Id like to hear wat other people think


----------



## Cha$e (Dec 11, 2007)

I think where race or creed are involved then it doesn't not belong as a political argument as any man or woman trains the same way to fight the same way regardless of their colour or religious beliefs.

As for other political influences i don't really pay attention so i don't think it belongs in sport myself as sport is about competition not about the wars being fought, not about the party to win the elections etc.

Just my opinion.


----------



## Kunoichi (Sep 30, 2007)

Shouldn't everything 'mix' with politics?

Sport is just another medium of persuasion like any other (telly, billboards etc), strategists only found a cheaper, more discrete and way more influential way to reach its audience(s): people's idols.

I think it's genious. Simple, but genious.

I'm more interested in how the media change politics though; the power of media over it. For example, did you know that Rupert Murdoch has a voice in UK's politics? For the Sun readers, if you have an analytical mind (not the target audience of the Sun but it happens) have you ever noticed why is it against the UK being closer to the continent in any way, including the media being regulated by European guidelines?

(long sotry short, british media is self regulatory, meaning it can say whatever it wants. Its this freedom that allows it to explore and publish the most unthinkable stories, which will turn inro sales = profit. If we get closer to the continent, the media will be regulated and therefore they won't be able to say the things they say. That'll turn into less profit -- which party is against this closeness? Isn't it David Cameron's? Murdoch's papers -not just the Sun- support Cameron* and always try to portray a good image of him. How weird is that?).

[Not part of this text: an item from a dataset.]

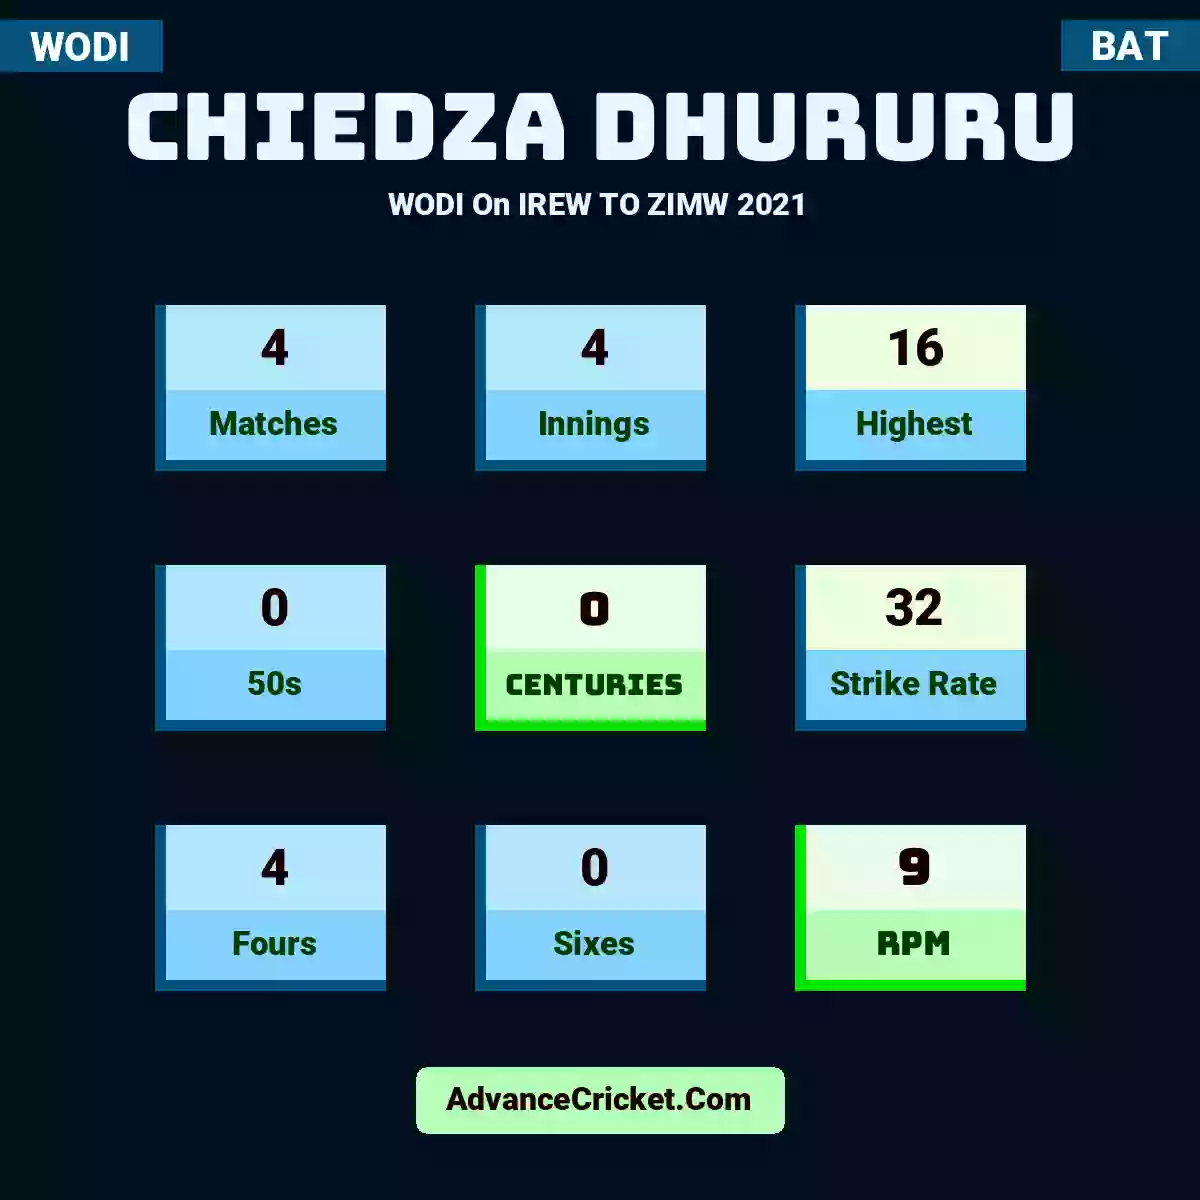 Chiedza Dhururu WODI  On IREW TO ZIMW 2021, Chiedza Dhururu played 4 matches, scored 16 runs as highest, 0 half-centuries, and 0 centuries, with a strike rate of 32. C.Dhururu hit 4 fours and 0 sixes, with an RPM of 9.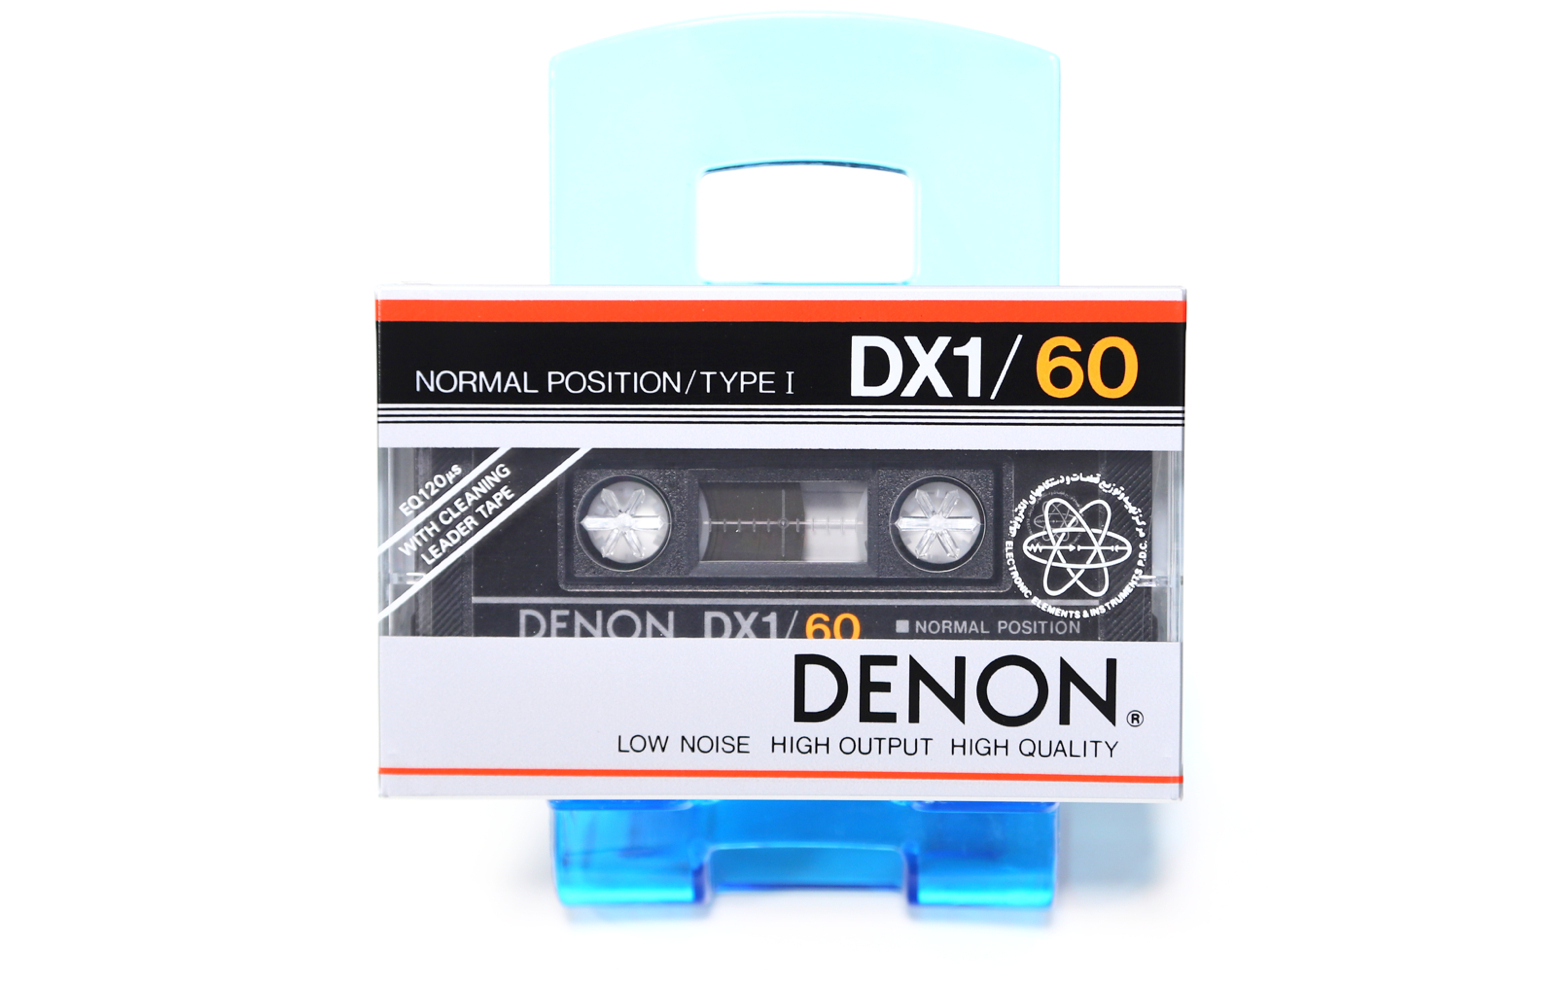 DENON DX1-60 Position Normal

* I'm not sure it is Cameron's though. It's some political party, I don't remember which right now lol

Also, did you know it was a newspaper who started this plastic bag craze? (about supermarkets starting to charge for them in order to get us to use reusable bags instead etc).It was the Daily Mail who started it in February, when it wrote a 6-page article about it. Two days later the proposal to ban plastic bags was being worked in the parliament.

Today, I think it's somewhere near Devon that they don't use plastic bags anymore, and they're making pressure to do the same in London.

etc etc etc.

/rant

I find politics fascinating. Most people don't because what they see are a bunch or retards on a podium with a microphone on, but there's so much more to it :rofl:

I find it very interesting, and rather amusing too.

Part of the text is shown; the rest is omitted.